Трещит телеграф, скрипит пружиной, хлопает входная дверь. Входят и выходят люди, громко говорят, смеются, поторапливают Гапочку. Та споро, сухими ручками принимает, расписывается, коротким стуком ставит штемпель:
— Бланки кончились. Там, на полочке, достань, пожалуйста.
Танюша заторопилась, бежит за перегородку, подставила табурет к стеллажу. Потянулась неловко, задела ячейку с листочками. Посыпались на голову, успела ухватить несколько. Под круглым серым штемпелем мелькнул Танюшин адрес. Холодок кольнул изнутри. Потом горячим обдало. Застучали молотки, забухало сердце. Сползла на пол, развернула бумагу. Аккуратно оторванный по линии отреза стандартный бланк: «… в бою за Социалистическую Родину, верный воинской присяге, проявив мужество и героизм… был убит…»

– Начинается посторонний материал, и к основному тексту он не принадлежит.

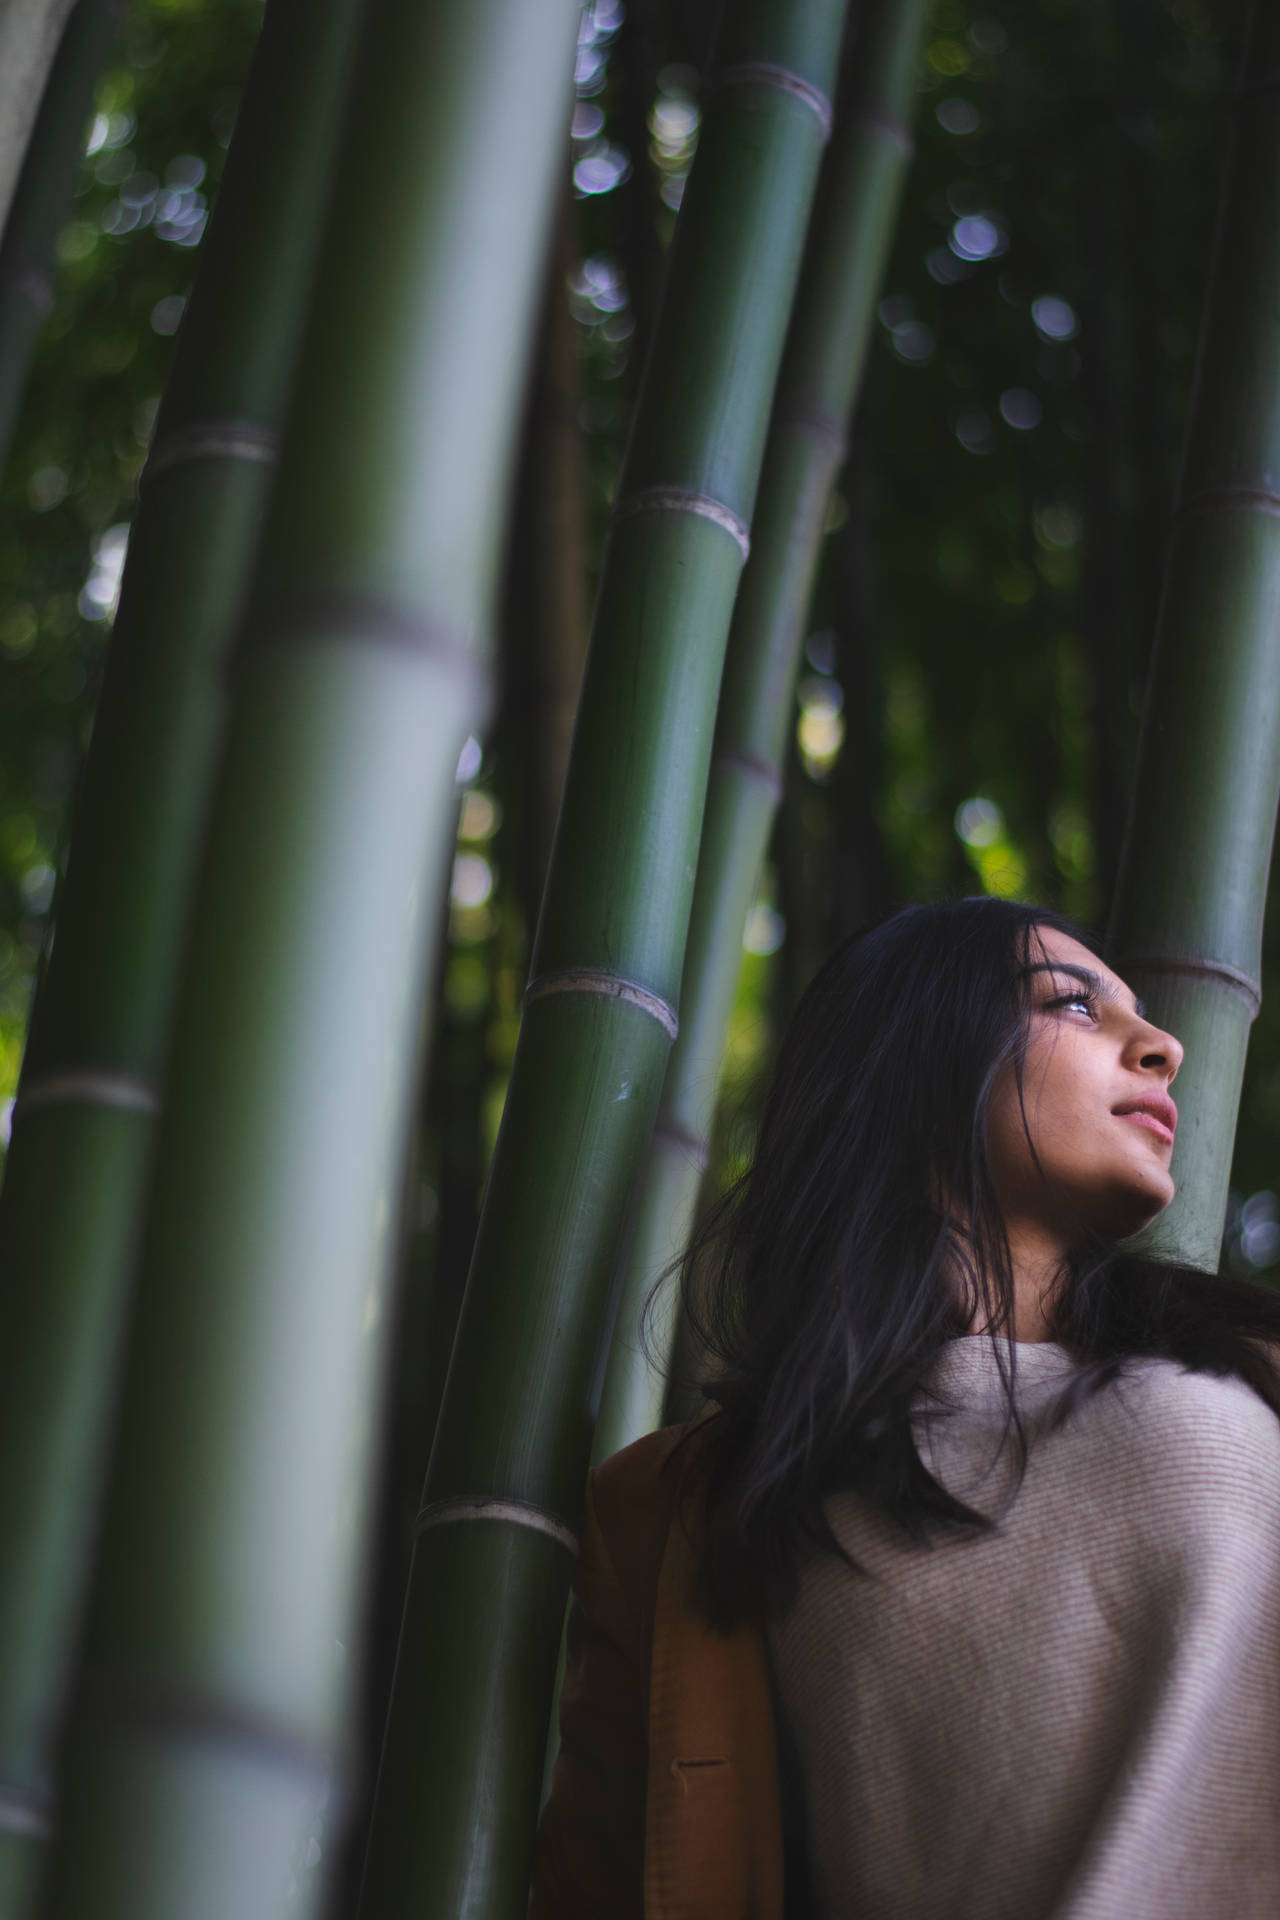 Woman By The Bamboo Pole Background

— Где ты пропала? – Гапочка появилась в дверях. Увидела Танюшу, сжала ручки. Побелели косточки суставов. Присела рядом, прижала к себе, — не хотела тебе раньше времени показывать…
Стены, окно, стеллажи, все поплыло:
— А-а-а… зачем ты молчала… а-а-а, лучше бы сразу-у-у…

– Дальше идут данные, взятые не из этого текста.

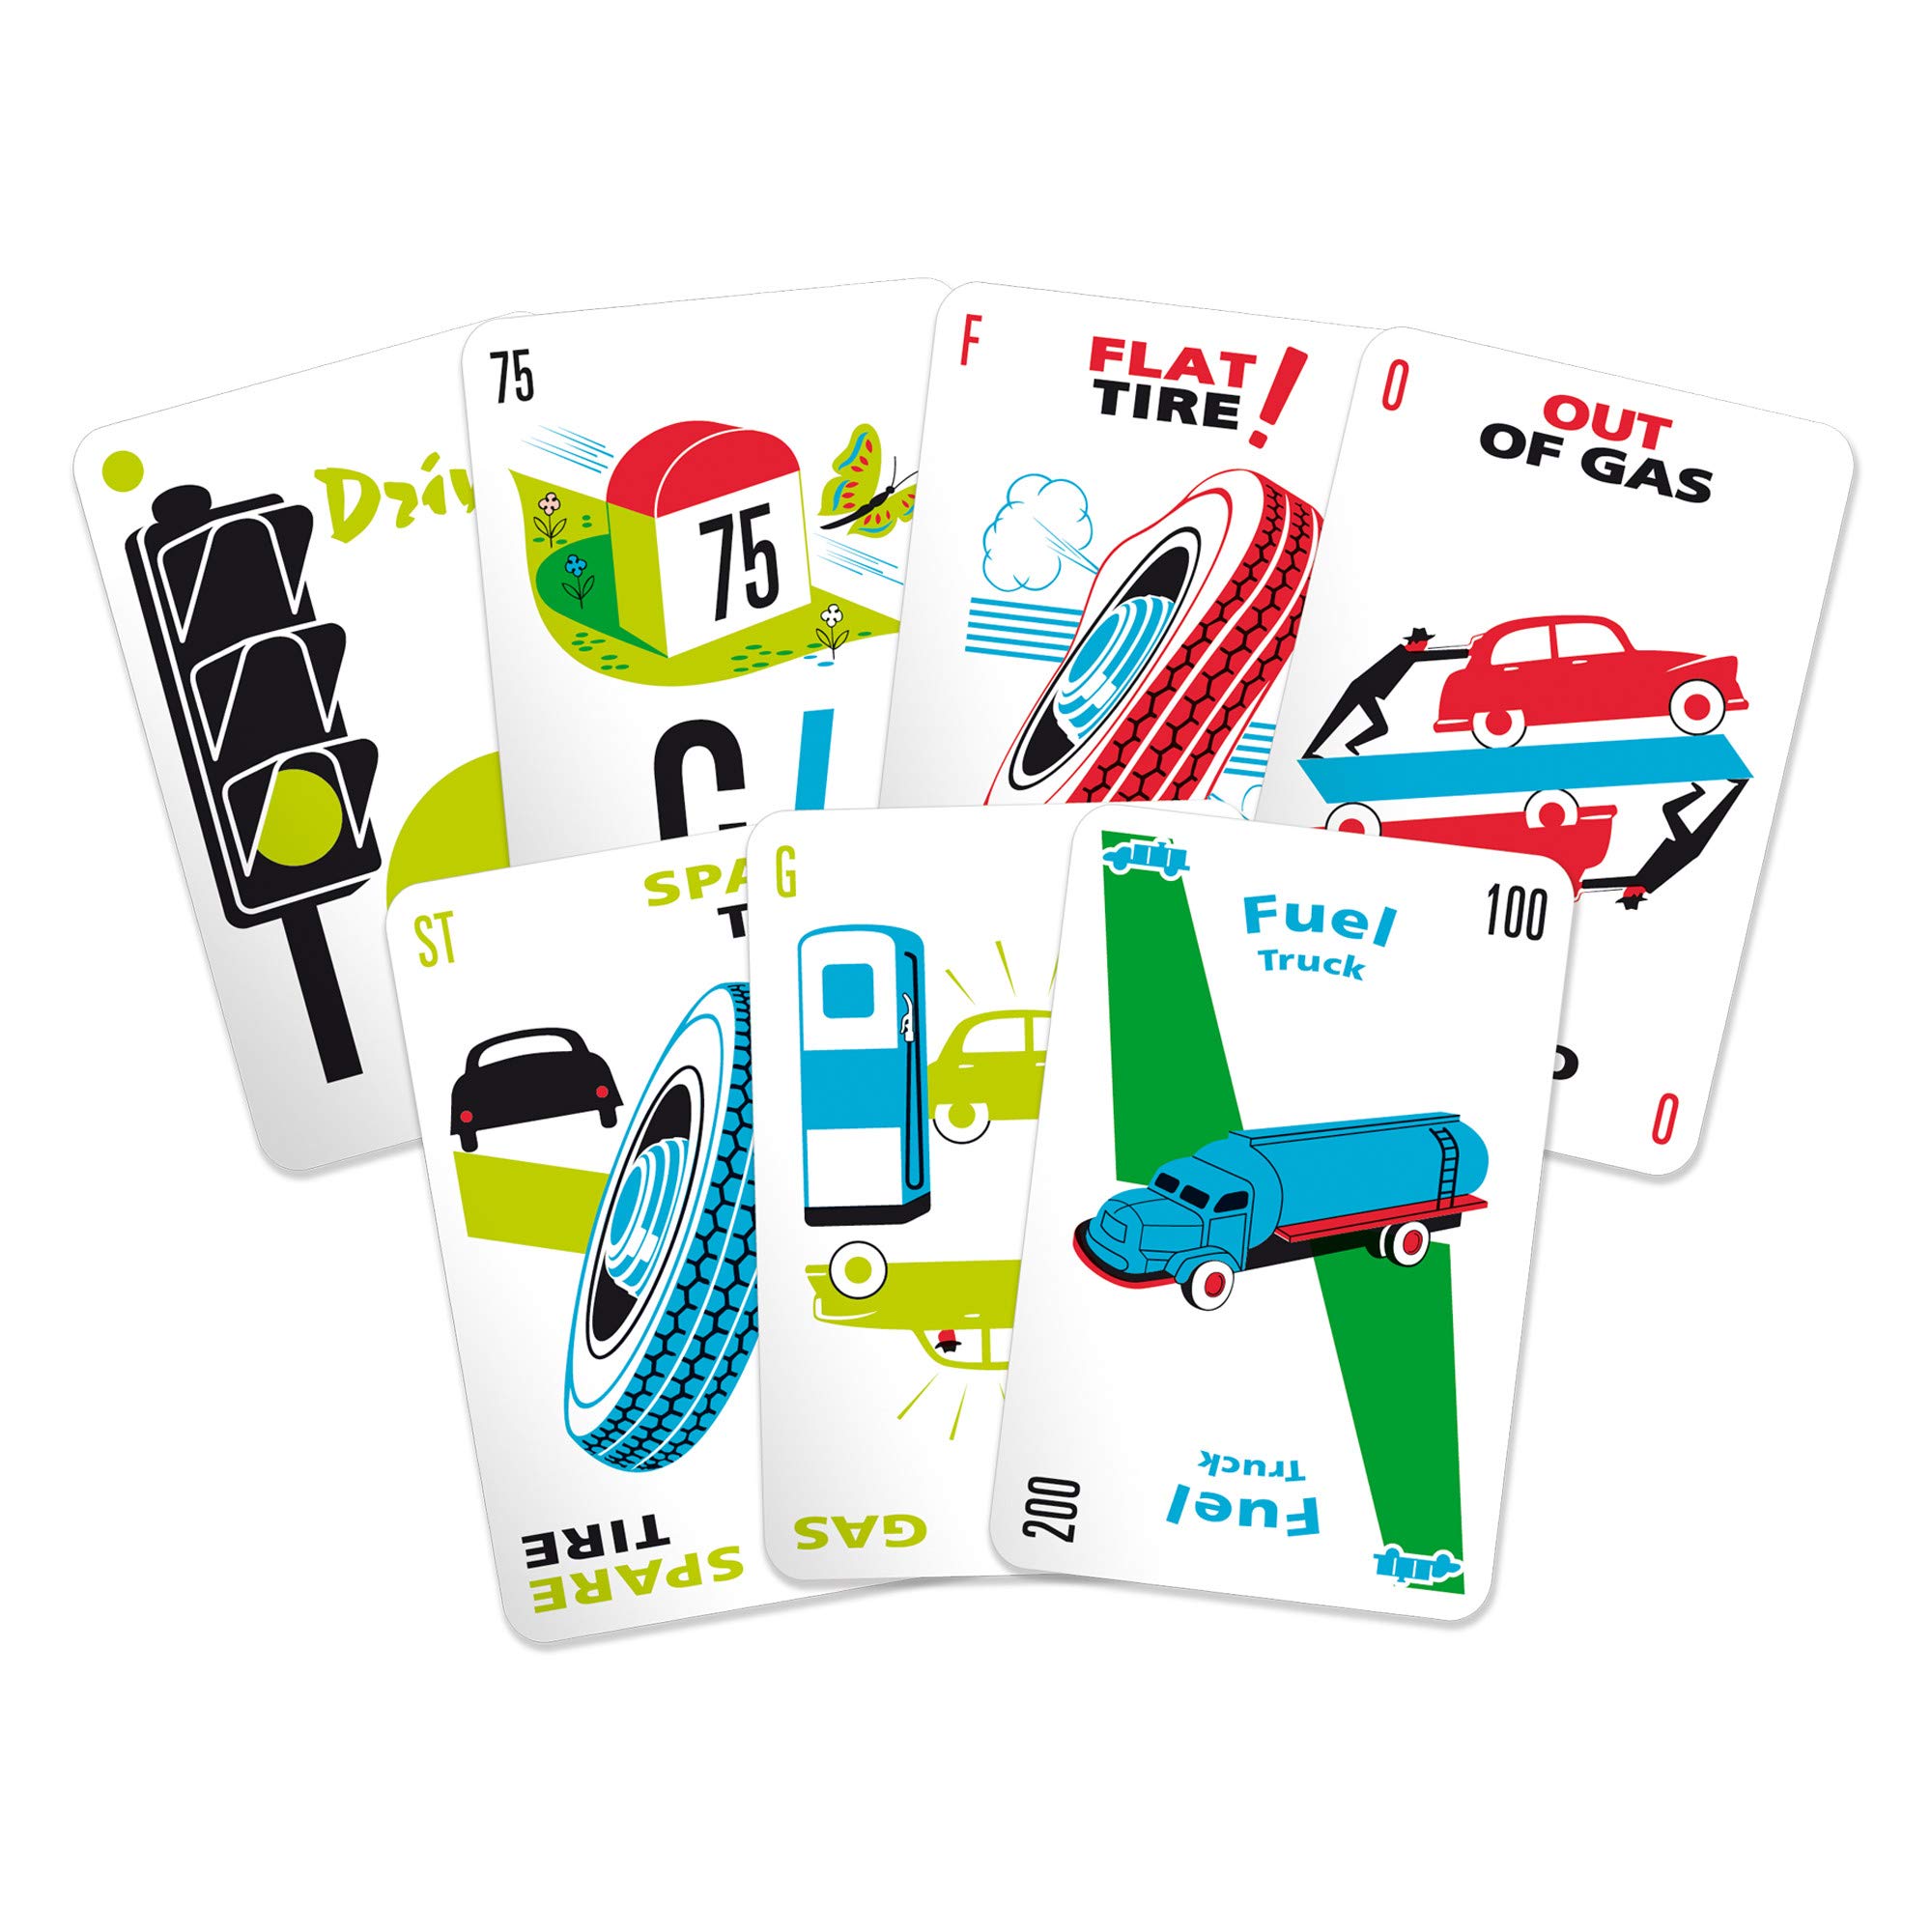 Mille Bornes The Classic Racing Game | Fast-Paced Card | Strategy | Fun Family Game for Adults and Kids | Ages 7 and Up | 2-6 Players | Average Playtime 20 Minutes | Made by Zygomatic

— Тише, родная… Люди услышат… не надо. Праздник сегодня…
— А-а-а, — от пахнущего пылью воздуха спазм перехватил горло. Танюша бессмысленно возит руками по упавшим на пол бумажкам, во рту стоит горькая сухота. Откуда-то появился стакан с водой. Танюша пьет, стучат зубы о край, кажется, что крошатся о стекло. Положила ладонь на мертвые листочки. С трудом проворачивая язык, прохрипела:
— Когда? Остальные разносить будем?
***
Спустя неделю, как это часто бывает в сибирских краях, загулявшее в весеннем хмелю небо заволокло. Зеленые перья травы покрылись талыми ошметьями снега. Отцветшие яблони печально натопырили под снежной моросью тоненькие пальчики заголившихся соцветий. Скомкало по краю луж яблоневый цвет. Отгуляли долгожданную Победу.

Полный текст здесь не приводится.